UK businesses and consumers will benefit from a trade continuity agreement maintaining current arrangements with countries in the Caribbean soon after Britain leaves the EU.
Trade Policy Minister George Hollingbery signed the CARIFORUM-UK Economic Partnership Agreement (EPA) today (Friday 22 March) with Ministers and representatives from Barbados, Belize, The Commonwealth of Dominica, Grenada, The Republic of Guyana, Jamaica, Saint Christopher and Nevis, Saint Lucia, Saint Vincent and the Grenadines.
The news has been welcomed by businesses and business groups including the West Indies Rum & Spirits Producers Association (WIRSPA), one of the oldest private sector trade associations in the Caribbean. WIRSPA represent some brands well known to UK consumers including Appleton, Angostura and Mount Gay Rum.
The agreement will allow these businesses and many others across the Caribbean to trade like they do now, without any additional barriers or tariffs.
It eliminates all tariffs on all goods imported from the signing CARIFORUM States into the UK, while those Caribbean states will continue gradually to cut import tariffs on most of the region’s imports from the UK.
The UK is an important export market for the Caribbean, and the UK bought 100% of Saint Lucia’s banana exports, as well as 69% of Belize’s banana exports in 2017. In addition, 81% of Guyanan, and 64% Jamaican sugar cane exports went to the UK.
These preferential terms are part of the UK government’s commitment to supporting developing countries to reduce poverty through trade. It will help them to grow their economies, create jobs, increase incomes and reduce reliance on overseas aid in the long-term.
Minister for Trade Policy, George Hollingbery said:
I am delighted to sign this agreement today as it will allow businesses to continue trading like they do today after we leave the European Union.
It will help to support jobs in the UK and throughout the Caribbean, as well as ensuring that the British supermarkets shelves continue to be stocked with the best Caribbean produce such as bananas, sugar and rum.
We have a long-standing commitment to reduce poverty through trade and this agreement will support jobs in key Commonwealth countries, such as Saint Lucia, Belize, Grenada, Dominica, Barbados and Guyana for whom the UK currently accounts for more than a quarter of their trade in goods with the EU.
One company set to benefit from the Caribbean continuity agreement is Belize Sugar Industries.
Mac McLachlan, Vice President, International Relations, ASR Group said:
Belize Sugar Industries warmly welcomes signature of this agreement. For many years BSI has shipped sugar to the UK.
For an industry which supports the livelihoods of around 15% of the Belizean population and is the mainstay of the Northern Belize economy, retaining the opportunity for continued trade is essential.
This long-term relationship is hugely important to us and other Caribbean sugar producing countries.
Komal Samaroo, Chairman of the West Indies Rum & Spirits Producers Association (WIRSPA), and head of the Guyana-based Demerara Distillers conglomerate said:
We’re extremely happy to see the culmination of this agreement which both sides have worked hard to achieve. The UK is a major export destination for our rums and we are pleased that the trade provisions will maintain our continued access to that market.

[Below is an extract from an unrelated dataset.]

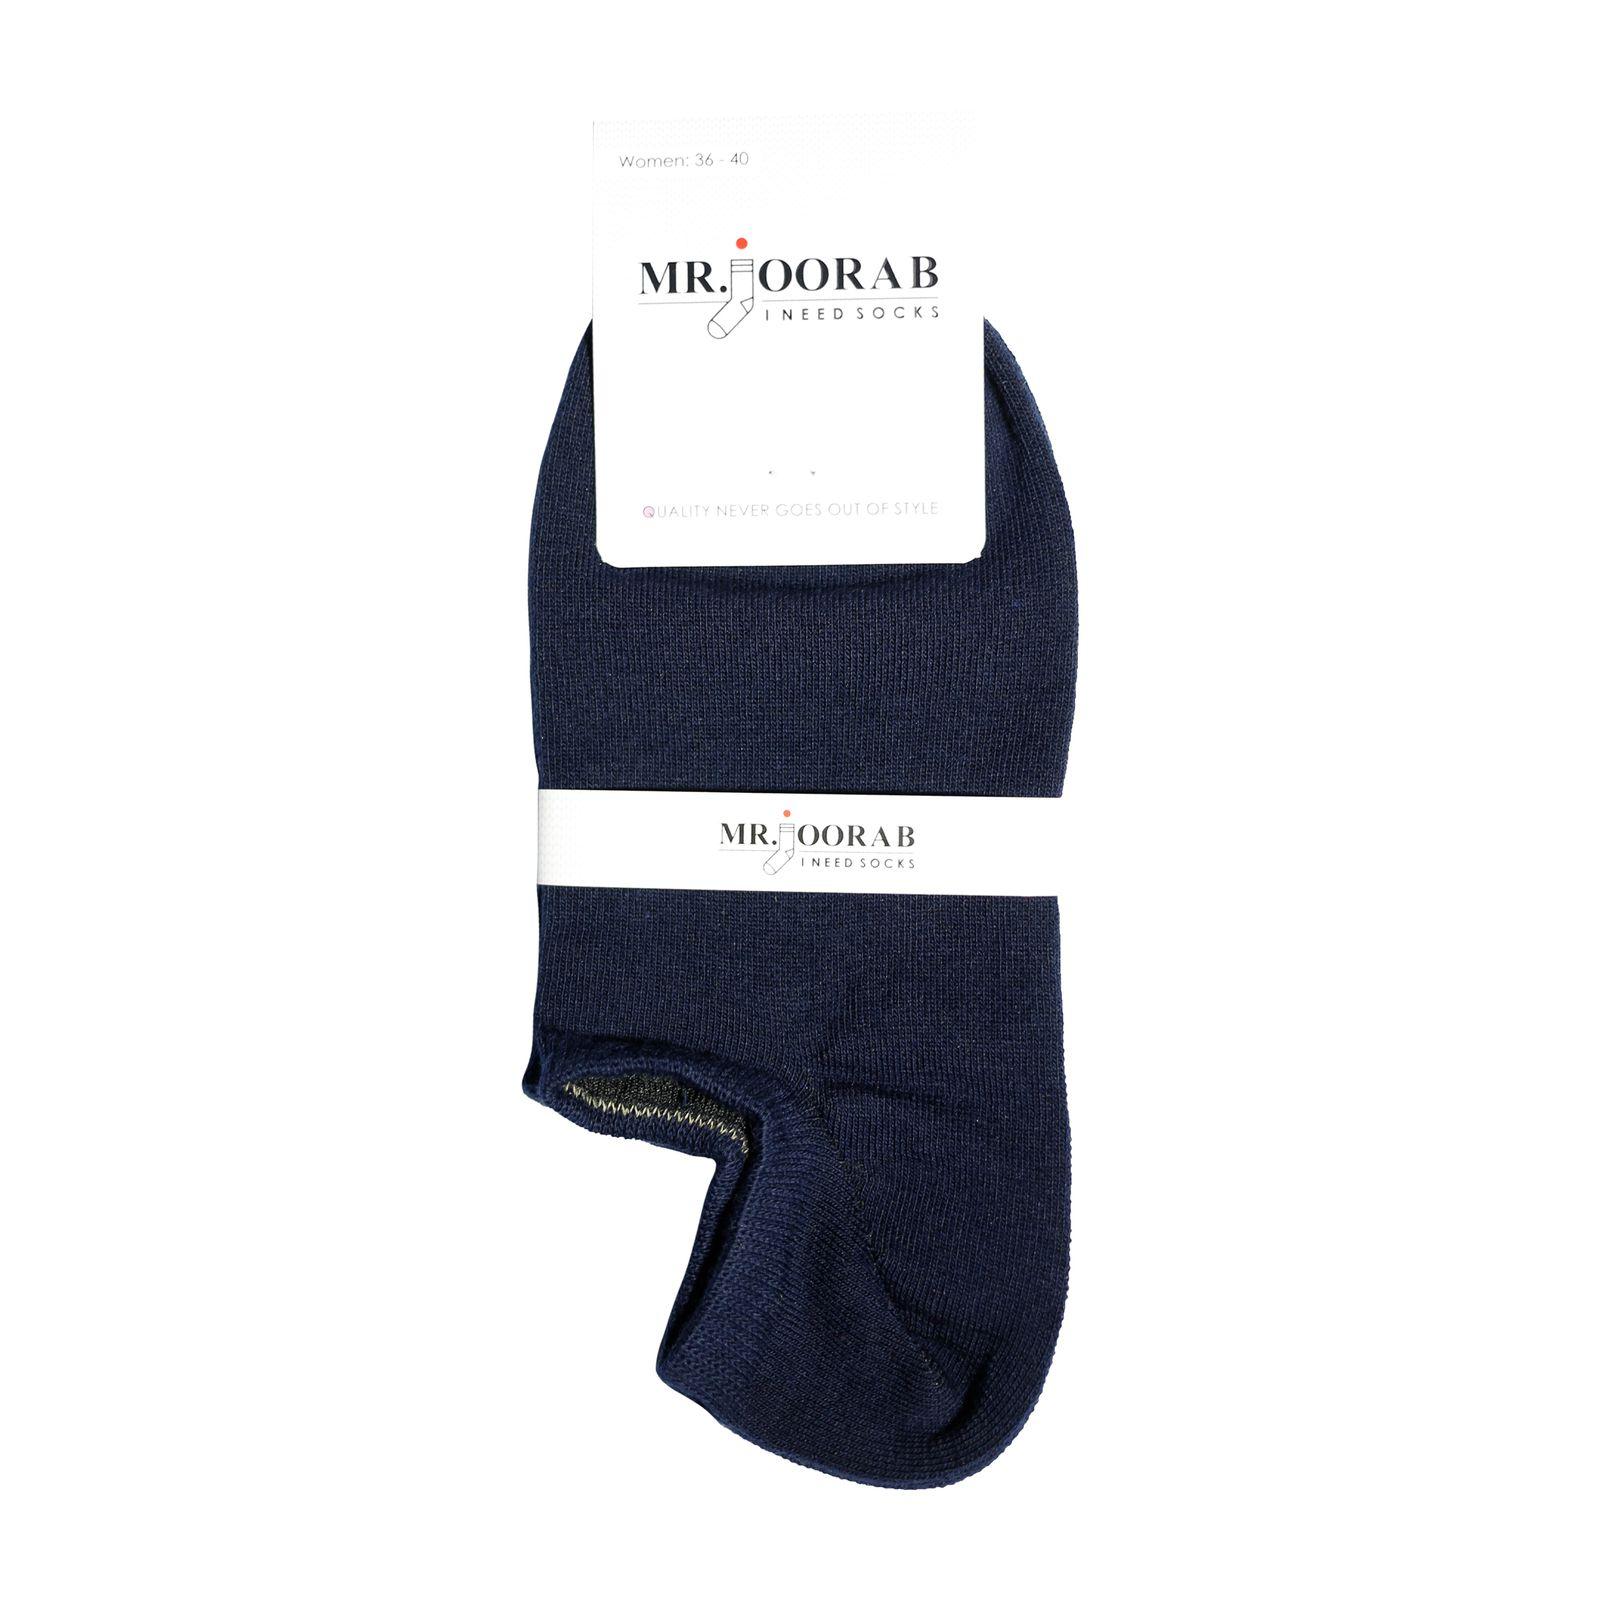 جوراب زنانه مستر جوراب کد BL-MRM 218 مجموعه 6 عددی -  - 4

The rum industry is the region’s premier export industry and its largest export earner after minerals, as well as a significant employer.
The preferential provisions in the agreement will continue to give our authentic rum producers a much-needed boost vis-à-vis subsidised products from other countries.
In 2017 total trade between the UK and the region was worth around £2.5 billion. Replicating this deal will allow the UK to continue building the trading relationship with our Commonwealth partners.
Based on current trade flows, exporters of bananas and other fruits and nuts could save over £14 million a year in tariff charges that could apply if the agreement wasn’t in place, while exporters of sugarcane and other sugar products could save more than £20 million. Consumers in the UK will continue to benefit from more choice and lower prices for products from these countries.
The agreement also covers the services sector, including tourism, which will benefit Brits who spend £900 million a year during some 900,000 visits to the Caribbean.
It will help small and medium businesses in the Caribbean to promote sustainable tourism and follow international environmental and quality standards.
The UK is seeking to provide continuity for existing EU trade agreements covering more than 70 countries that account for 11% of total UK trade and we are making good progress having recently signed agreements with Switzerland and Israel.
Like all these agreements, the new CARIFORUM-UK EPA replicates the existing trading arrangements as far as possible. It is expected to come into effect as soon as the implementation period ends in January 2021, or from as soon as possible after the UK leaves the EU if we leave without a deal.